Meteorological history
- Formed: 13 September 2024
- Dissipated: 18 September 2024

Deep depression
- 3-minute sustained (IMD)
- Highest winds: 55 km/h (35 mph)
- Lowest pressure: 989 hPa (mbar); 29.21 inHg

Overall effects
- Fatalities: 53 (25 in Bangladesh, 28 in India)
- Missing: 308
- Areas affected: Bangladesh, India
- Part of the 2024 North Indian Ocean cyclone season

= Deep Depression BOB 05 (2024) =

North Indian cyclone

Deep Depression BOB 05 was a weak tropical cyclone that impacted Bangladesh and India. The seventh depression and fourth deep depression of the 2024 North Indian Ocean cyclone season, BOB 05 originated from a broad area of cyclonic circulation. Moving generally northwestward, the depression failed to intensify further, reaching maximum sustained winds of 55 km/h (35 mph) and a central pressure of 989 hPa. It would weaken, becoming a remnant low on 18 September.

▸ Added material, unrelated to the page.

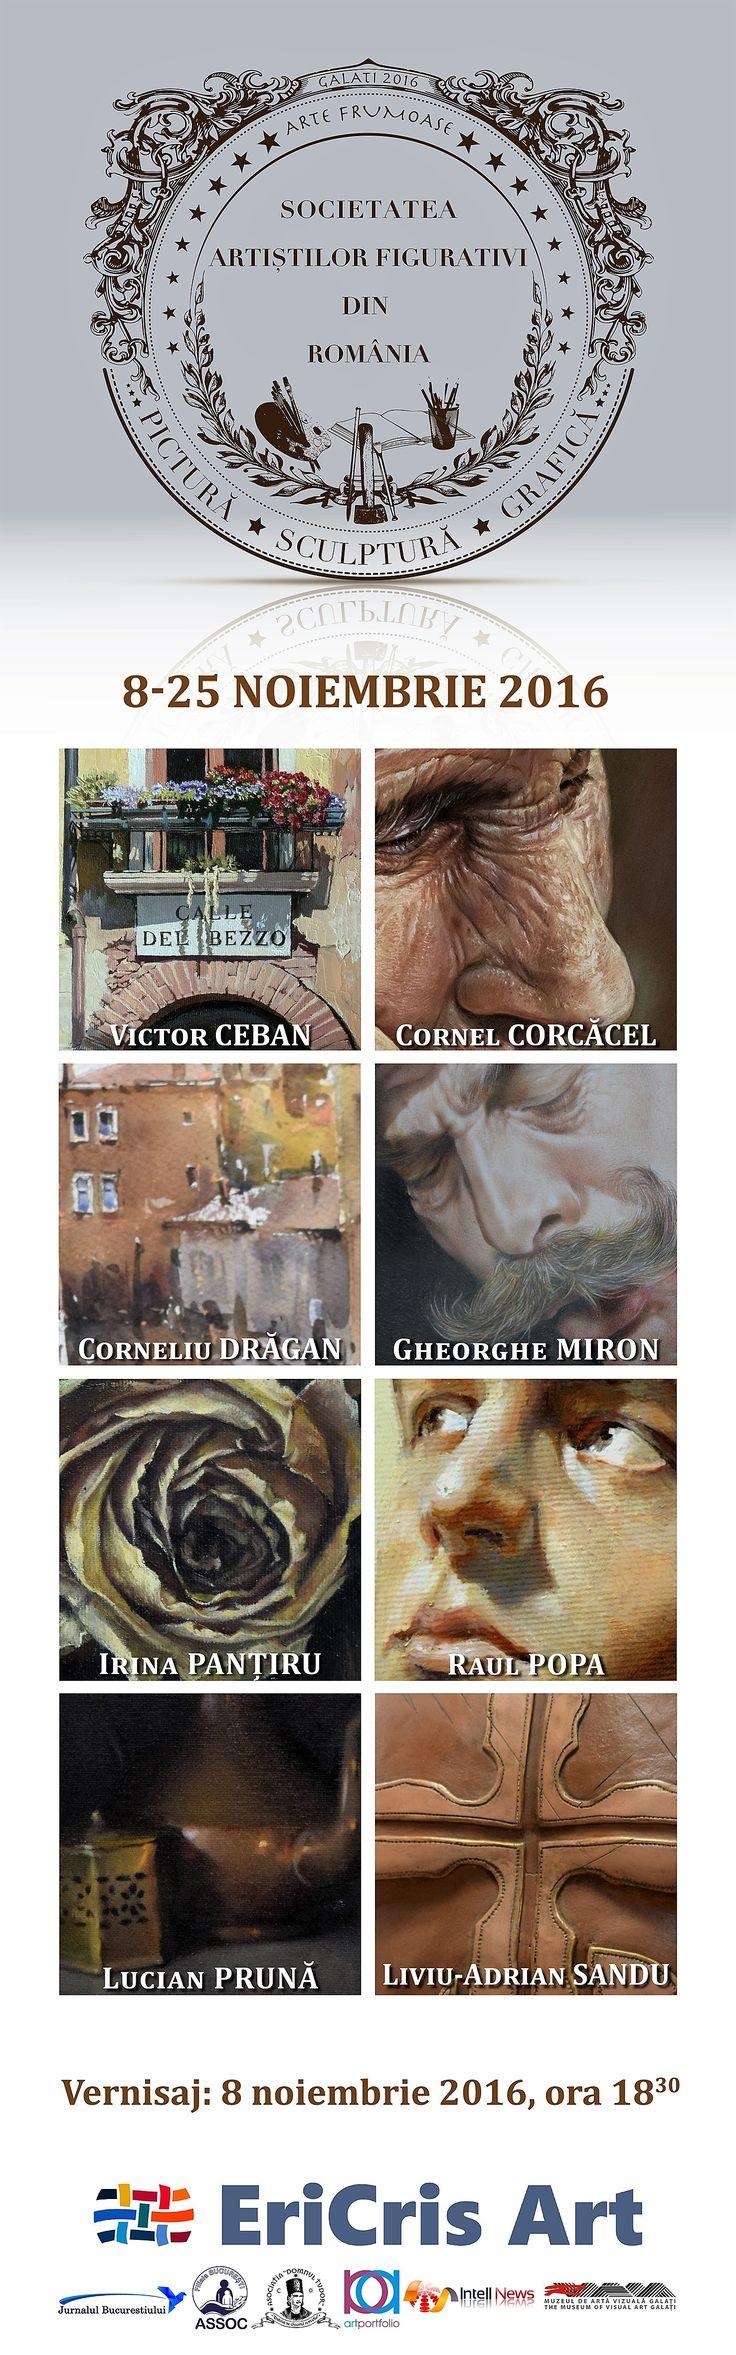 Galeria EriCris Art,  expoziție de grup :  pictură, sculptură și grafică - http://www.intellnews.ro/galeria-ericris-art-expozitie-de-grup-pictura-sculptura-si-grafica/

Heavy rainfall from the storm led to severe flooding in southeastern Bangladesh, affecting over 50,000 people across 40 villages in Ukhia Upazila, with Haldia Palong and Jaliapalong areas being the most impacted, totaling 35,000 residents. Additionally, Chakaria Upazila experienced flooding that disrupted 20,000 residents and caused significant damage to agricultural land. Meanwhile, in Kolkata, 72.4 mm of rain was recorded over a 24-hour period, with a total of 125.8 mm.

==Meteorological history==

The India Meteorological Department (IMD) started to track a cyclonic circulation over Myanmar on 11 September. This disturbance coalesced into a low-pressure area the next day, further developing into a well-marked low-pressure just a few hours later. Soon after, it intensified into a depression. The following day, the depression further strengthened into a deep depression over Bangladesh and West Bengal.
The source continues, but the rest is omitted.